The Office of Anti-Boycott Compliance has been criticized for a sharp decline in the number of investigations during the last two years.

One critic, Joe Kamalick, editor of the Boycott Law Bulletin in Houston, attributed the drop to the fact that the office has been chronically understaffed.

He said in a telephone interview Thursday that with a staff of 18, there is “no way” the office could adequately monitor some 5,000 U.S. companies that sell goods abroad.

The office is supposed to check every company that is taken off the Arab League’s official boycott list to see whether the reason is illegal compliance, but it has been unable to do so, Kamalick said.

Kamalick criticized the Commerce Department for failing to seek criminal penalties. And he faulted the department for chiefly going after small- and medium-size companies that have no in-house lawyers to advise them of violations.
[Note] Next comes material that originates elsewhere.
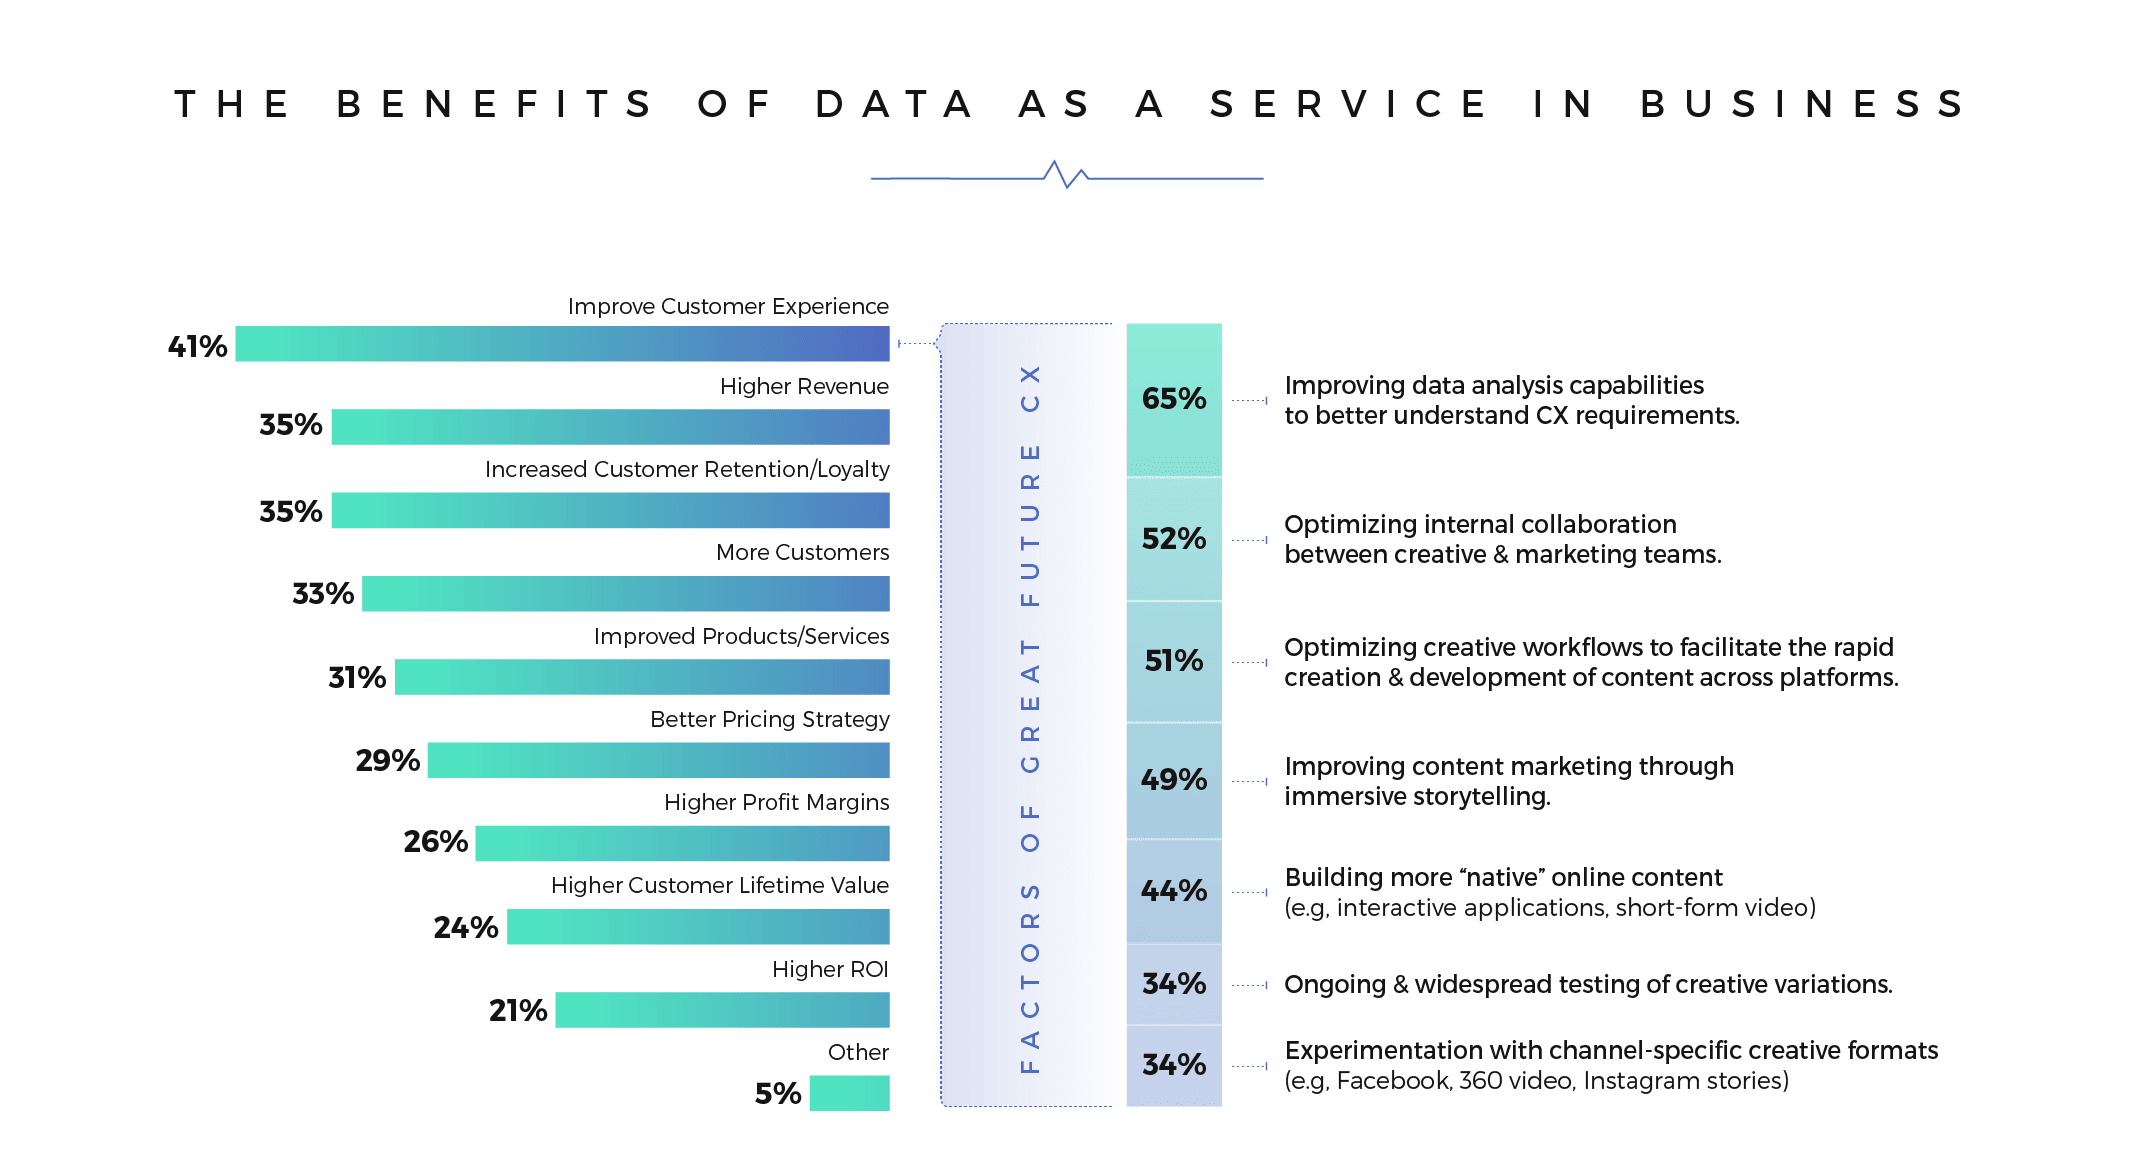 DaaS Benefits
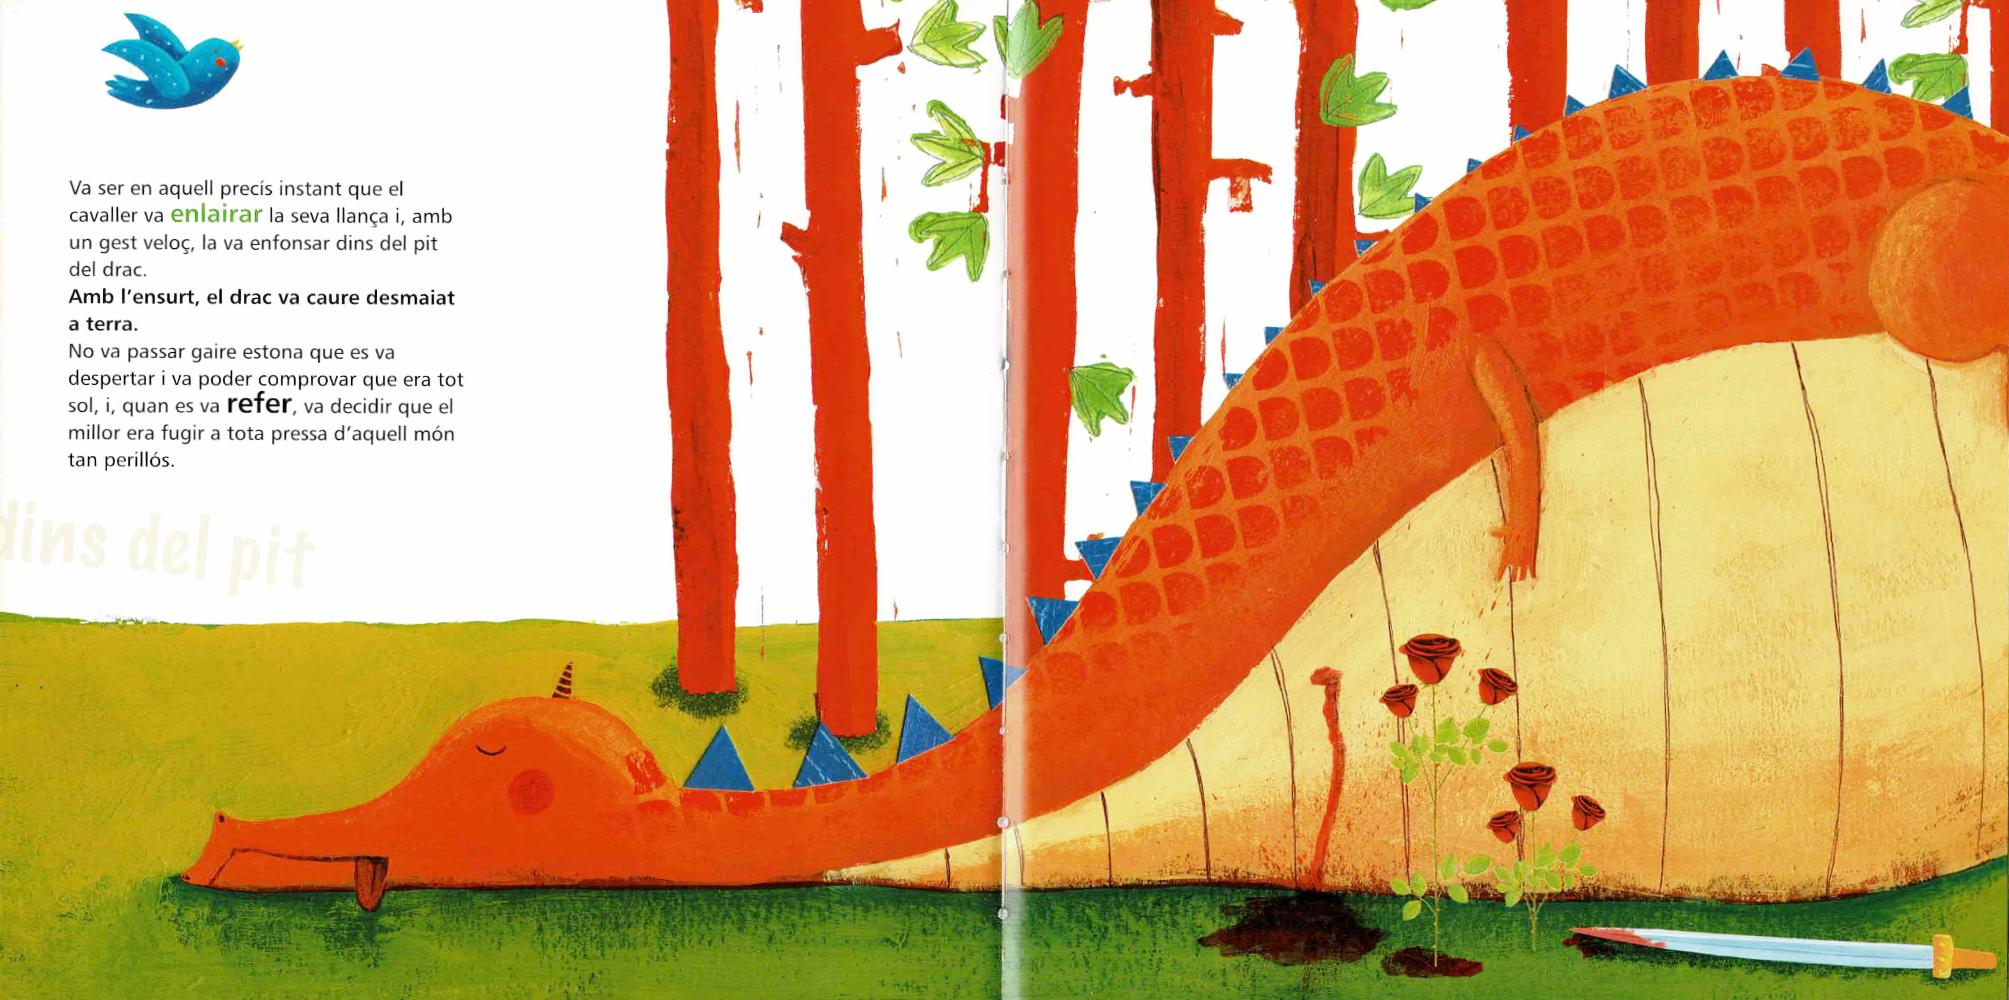 Qui diu la veritat: el cavaller o el drac? 6

However, he conceded that some major firms have been fined, including Safeway, Sara Lee and Xerox.

Kamalick said that increasing the maximum civil, penalty would give the anti-boycott office another stick to ensure compliance. He said the office has been reluctant to use the ultimate civil penalty, which would be to revoke a company’s license to export.

Meanwhile, 83 senators have signed a letter to President Bush urging him to press for anti-boycott measures when he goes to London next week for the meeting of the seven major industrialized nations.

“We must implore our trading partners to examine their own policies toward the boycott, and urge them to pass legislation which prohibits private-sector compliance,” said the letter, which was drafted by Sen. Frank Lautenberg (D-N.J.).

The senators emphasized that the United States cannot succeed by itself in getting the Arab nations to end the boycott.

“If the industrialized countries are unified in their approach, the Arab countries can be convinced to end their boycott against businesses that do have economic relations with Israel,” the letter said.